Drop in antidepressant use seen during pregnancy
A marked fall in antidepressant use occurs when women first learn that they are pregnant, according to a report.
“It is alarming to see that there is still a fear regarding antidepressant use during pregnancy. We knew that some women were going to discontinue using their antidepressants during pregnancy but we didn’t think it would be so prevalent and inappropriately used (amongst those who remain on it),” senior author Dr. Anick Berard told Reuters Health.
“The risks of untreated depression during pregnancy are significant,” Berard, from the CHU Sainte-Justine Hospital in Montreal, said. “Given the safety of most antidepressants during pregnancy, a careful evaluation of the risk/benefit ratio should be done before deciding to discontinue their use. Although physicians and women think they are protecting their unborn child, they might be doing just the contrary.”

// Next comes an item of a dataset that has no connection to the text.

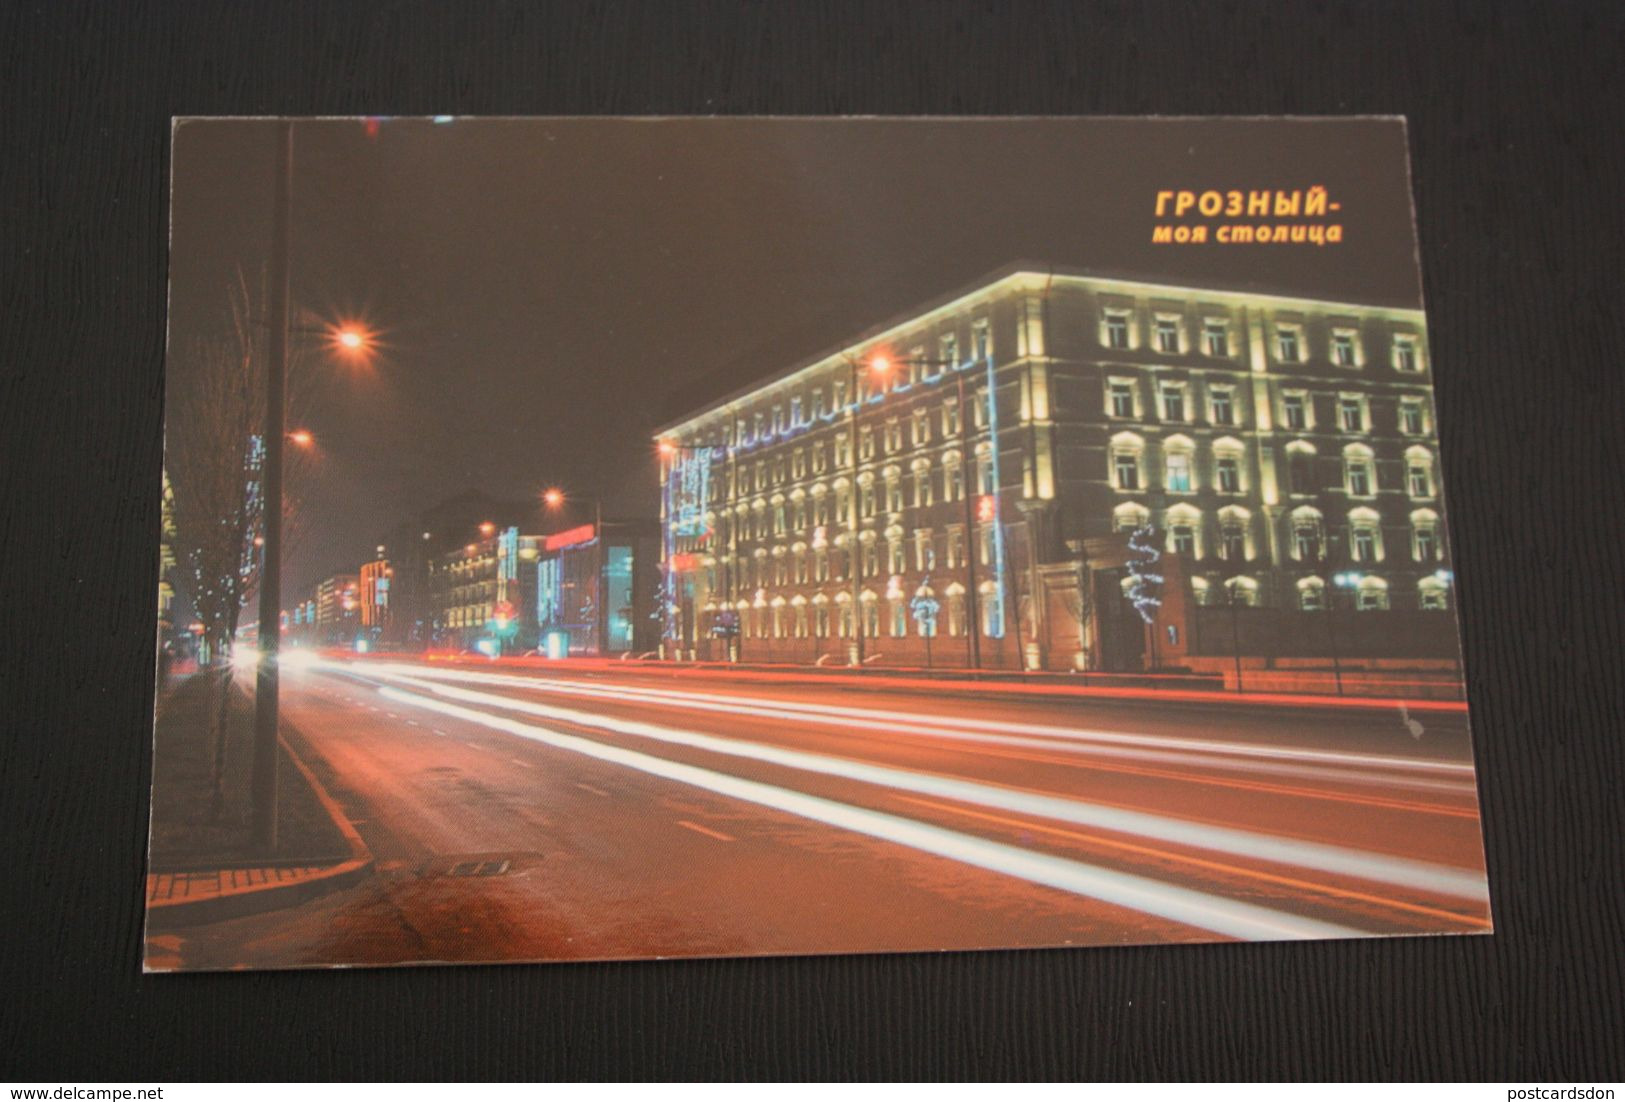 Russia. Chechen Republic - Chechnya. Groznyi Capital, Technological University - Modern Postcard 2000s - Chechnya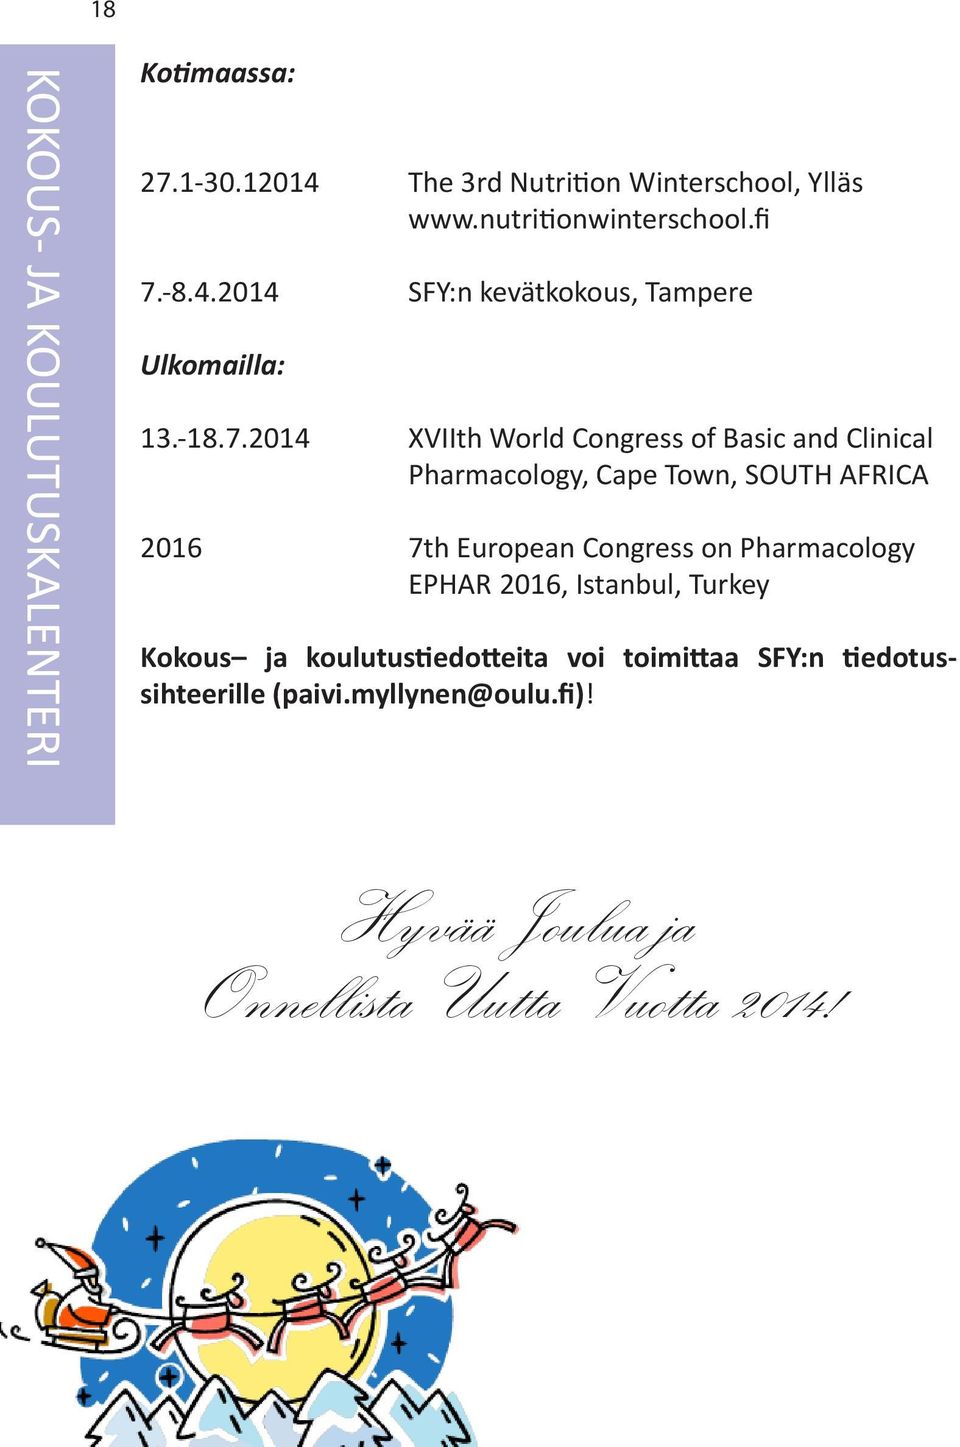 Pharmacology, Cape Town, SOUTH AFRICA 2016 7th European Congress on Pharmacology EPHAR 2016, Istanbul, Turkey Kokous ja

The study included 97,680 women in Quebec who were pregnant between 1998 and 2002. Of these women, 6427 (6.6 percent) were antidepressant users in the 12 months prior to the first day of gestation. In the 12 months after the end of pregnancy, however, the prevalence climbed to 7.0 percent, significantly higher than the prepregnancy rate.
During the first trimester of pregnancy, the prevalence of antidepressant use fell to 3.7 percent. Moreover, antidepressant doses below those recommended were used 7.7 percent of the time and 4.7 percent of patients switched to a different class of antidepressants.
Some of the predictors of antidepressant use during pregnancy included older age of the mom-to-be, living on welfare, having at least two different prescribers, and having at least one diagnosis of depression in the year before pregnancy.
In a related editorial, Dr. V. O’Keane and Dr. M. S. Marsh, from King’s College Hospital in London, comment that “the new evidence…suggests that depression is probably seriously under treated during pregnancy is alarming in terms not only of the costs that the mother will pay as she enters the challenges of motherhood in a compromised manner but also the costs that the baby may have to carry for the rest of its life.”